##### INFORMATION SHOWN #####

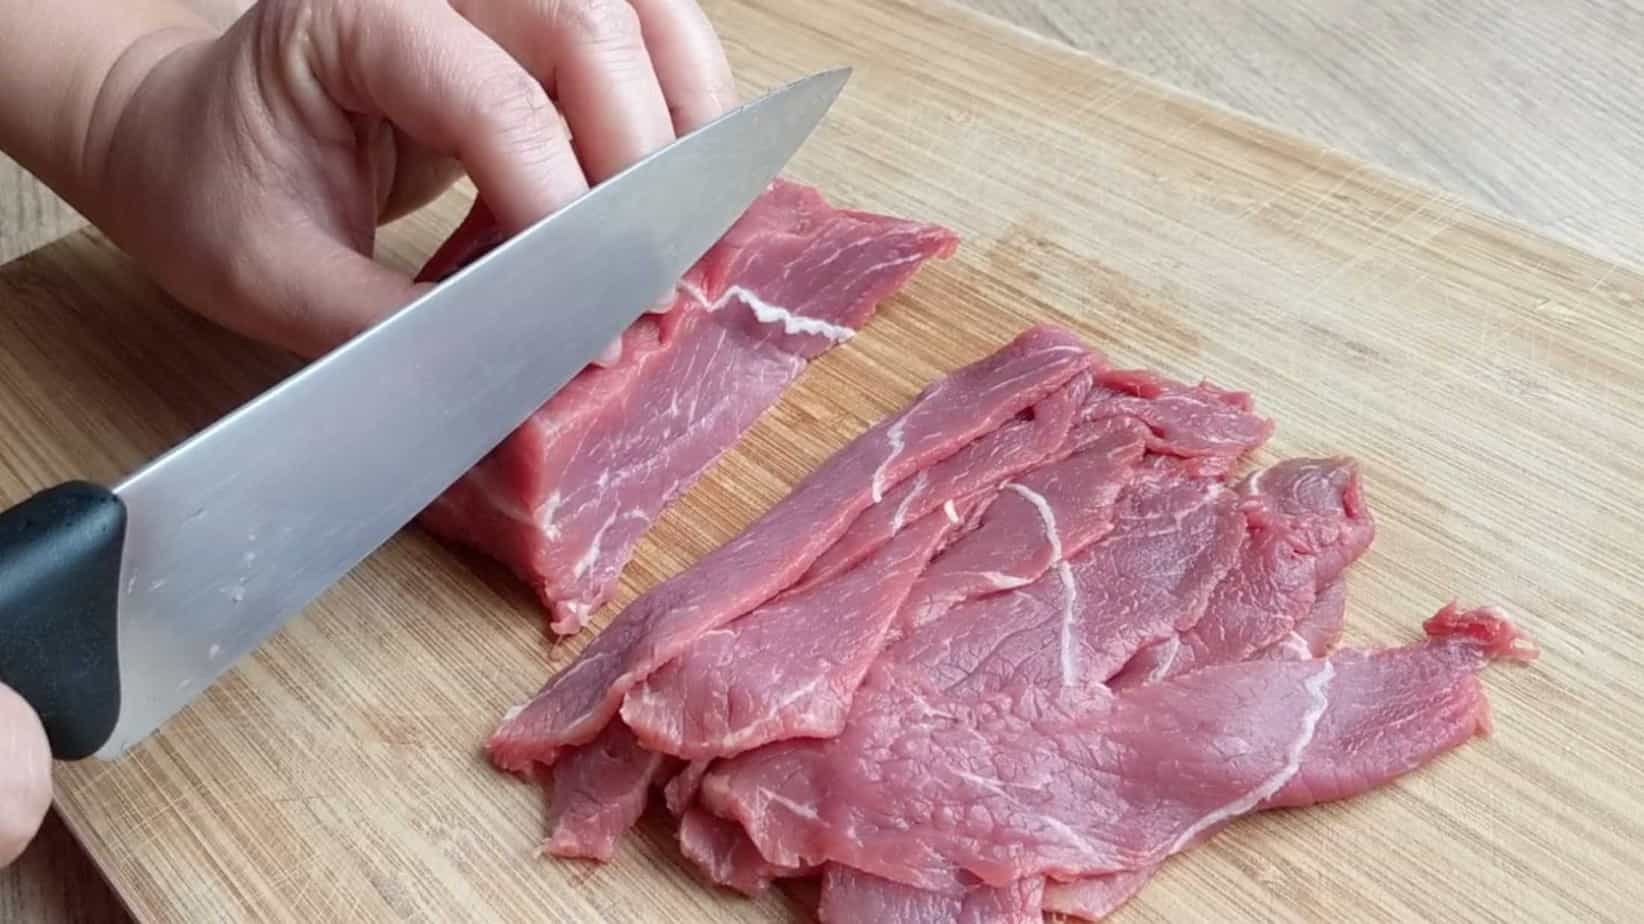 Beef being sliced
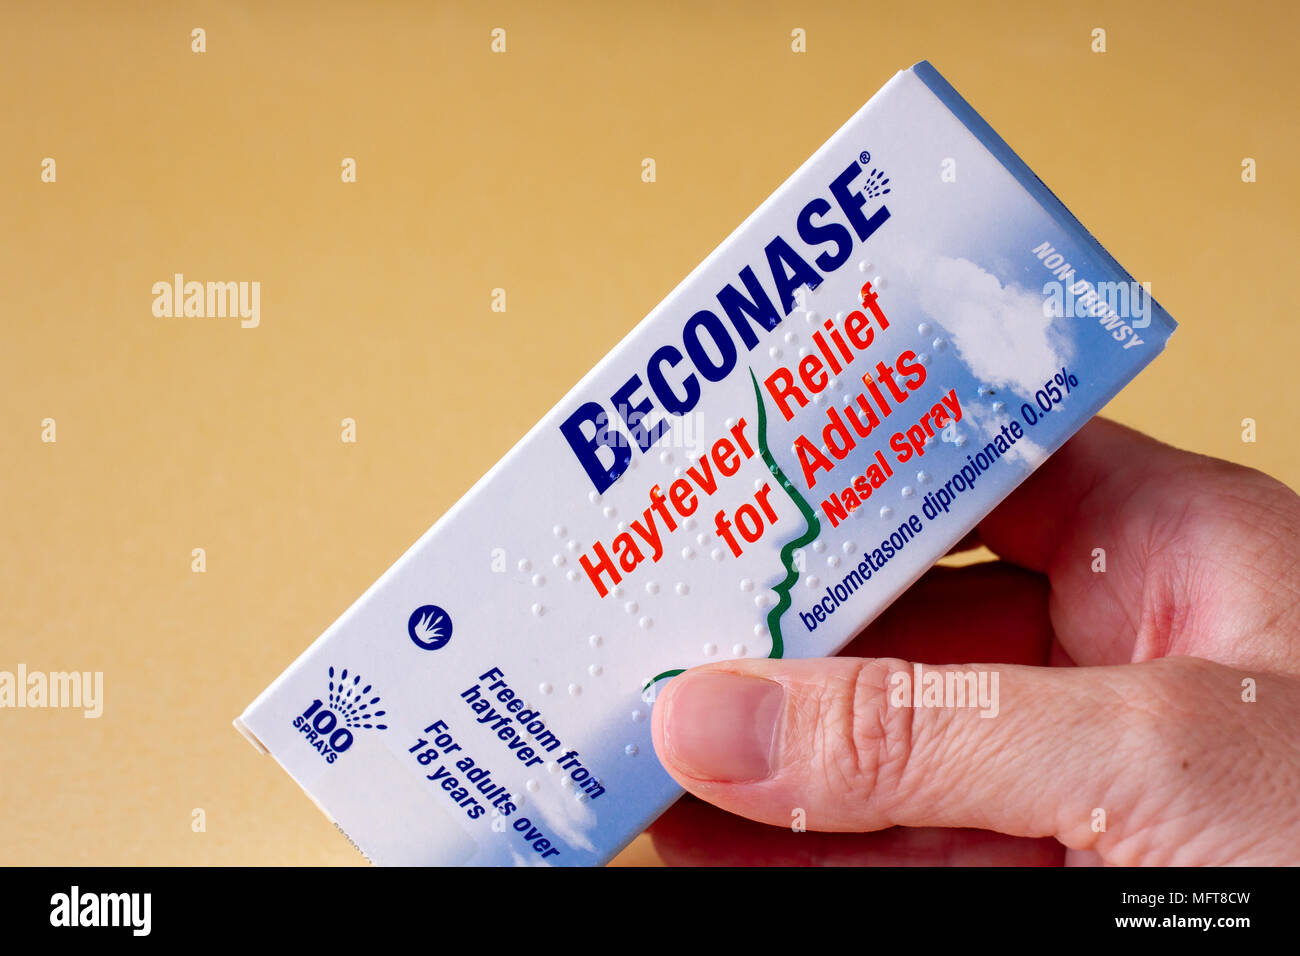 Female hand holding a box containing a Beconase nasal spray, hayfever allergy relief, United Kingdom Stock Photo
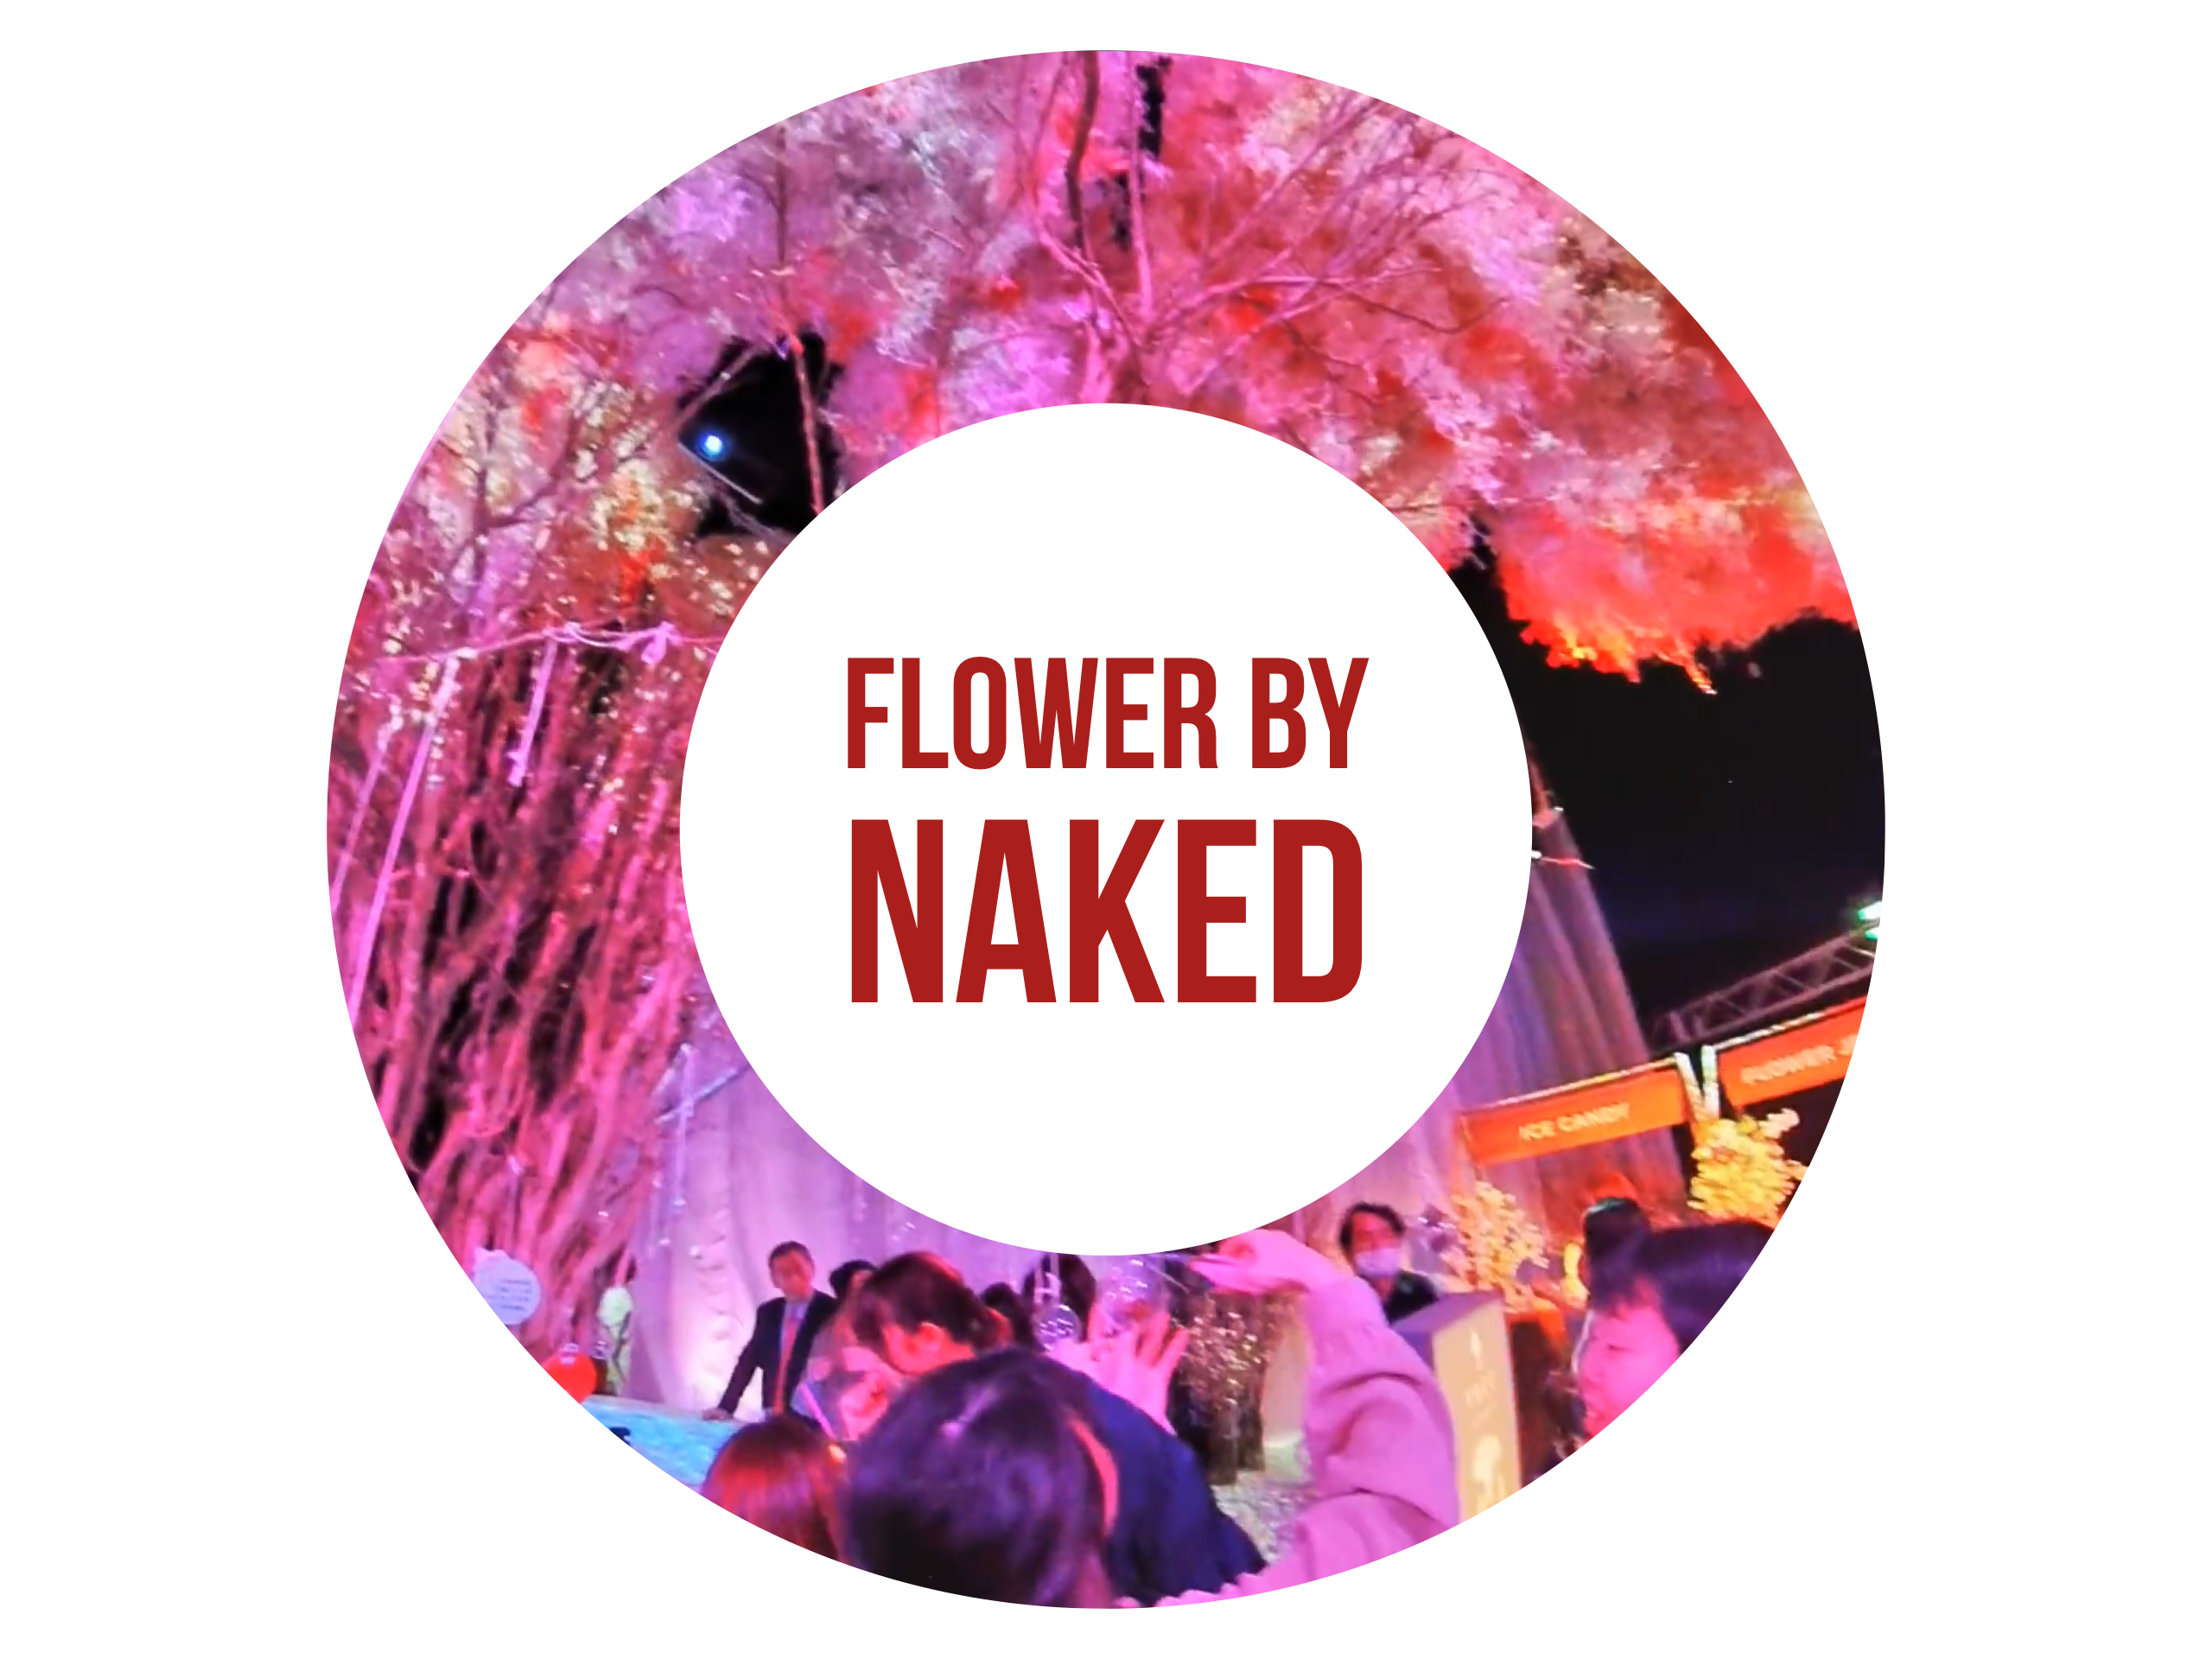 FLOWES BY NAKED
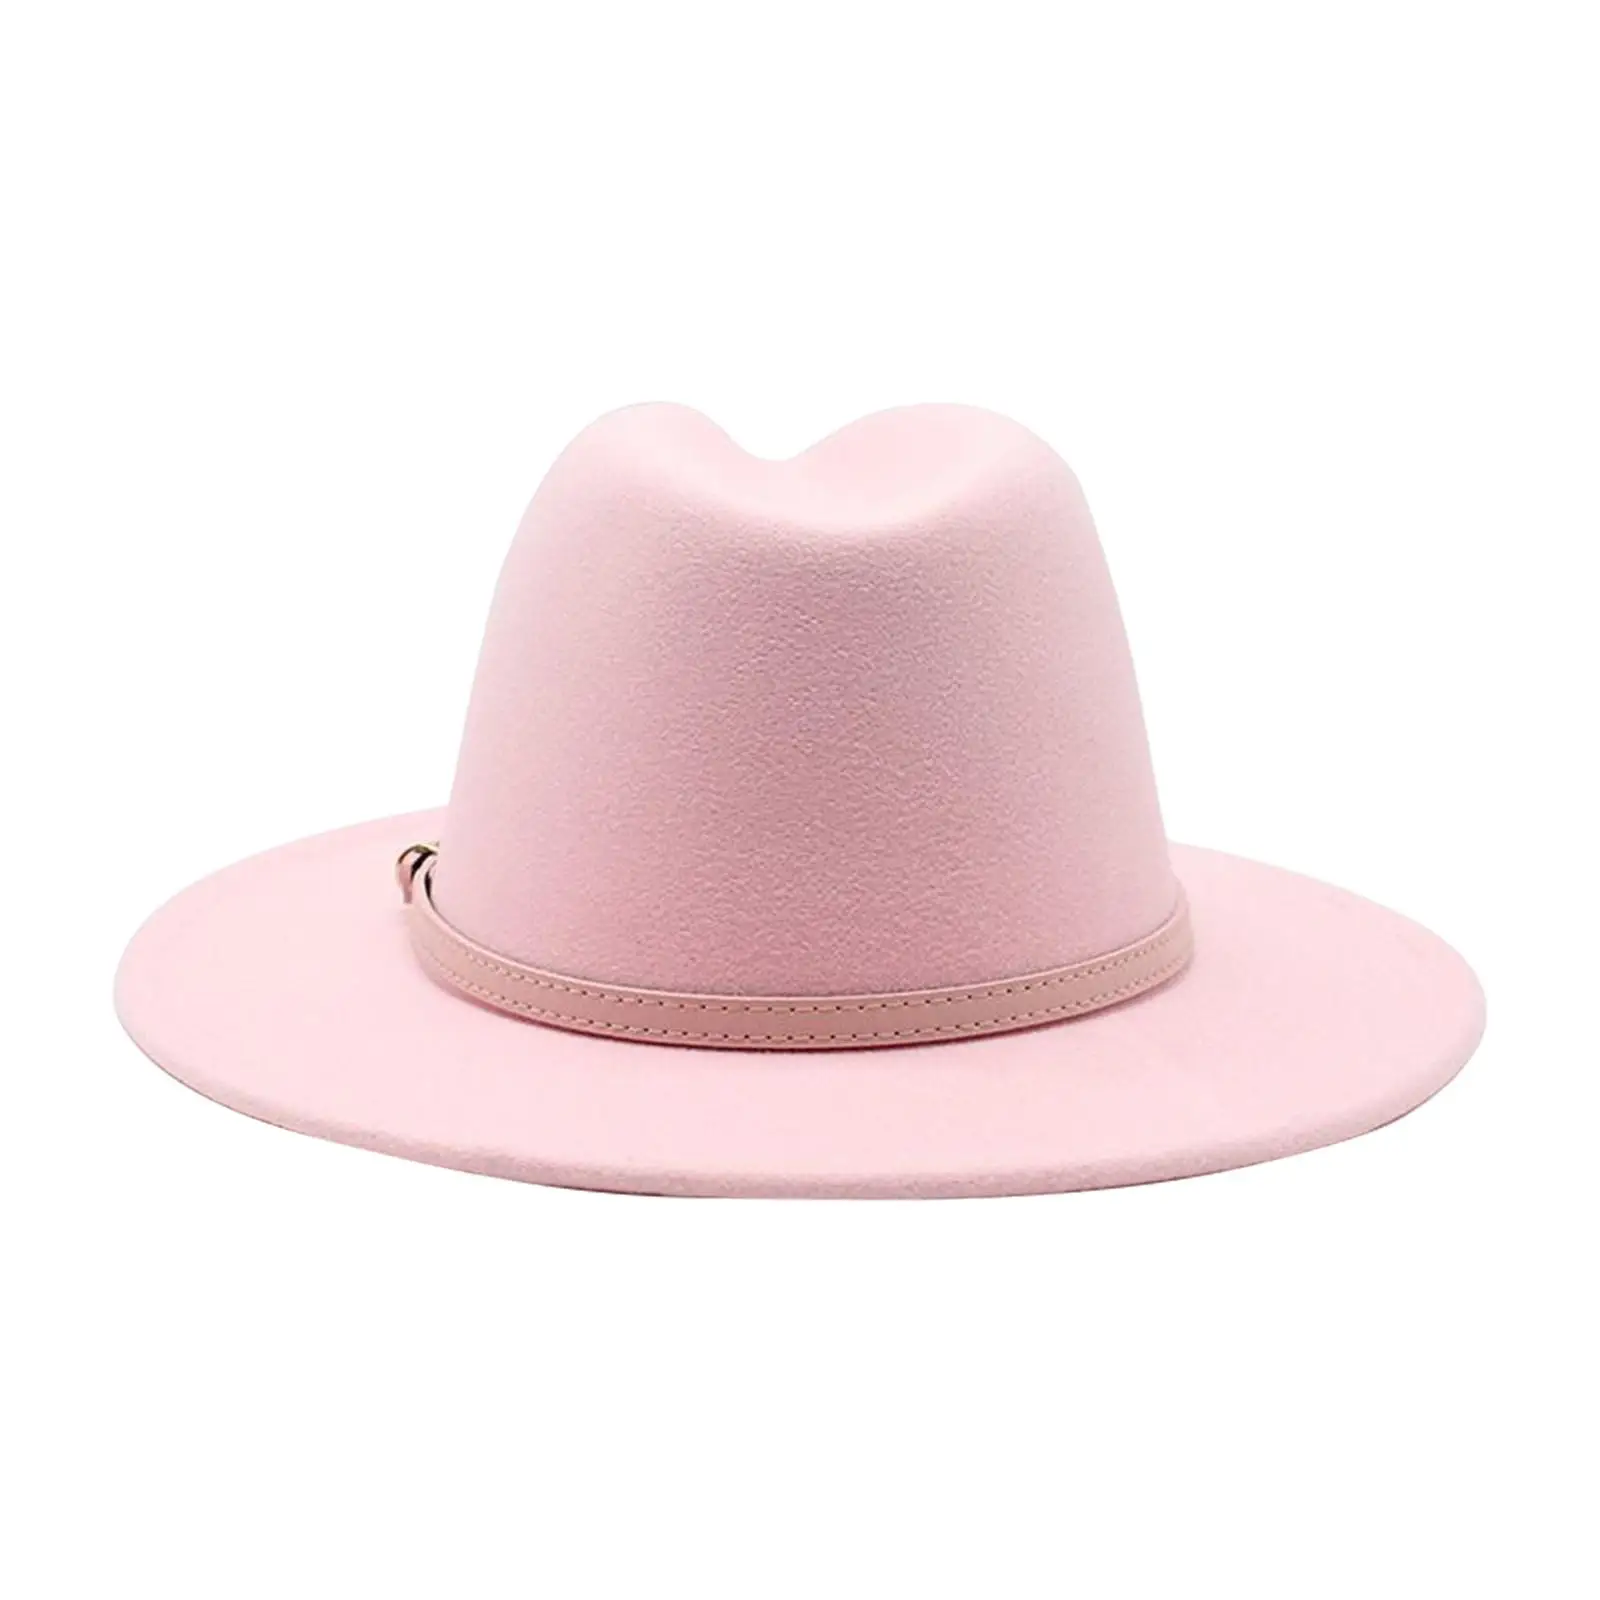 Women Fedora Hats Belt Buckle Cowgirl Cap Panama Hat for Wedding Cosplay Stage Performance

#####

● WORK TO BE COMPLETED: Any picture in the material is to be dropped; the rest is repeated exactly.

● RESPONSE BOX:
 Beef being sliced
 Female hand holding a box containing a Beconase nasal spray, hayfever allergy relief, United Kingdom Stock Photo
 FLOWES BY NAKED
 Women Fedora Hats Belt Buckle Cowgirl Cap Panama Hat for Wedding Cosplay Stage Performance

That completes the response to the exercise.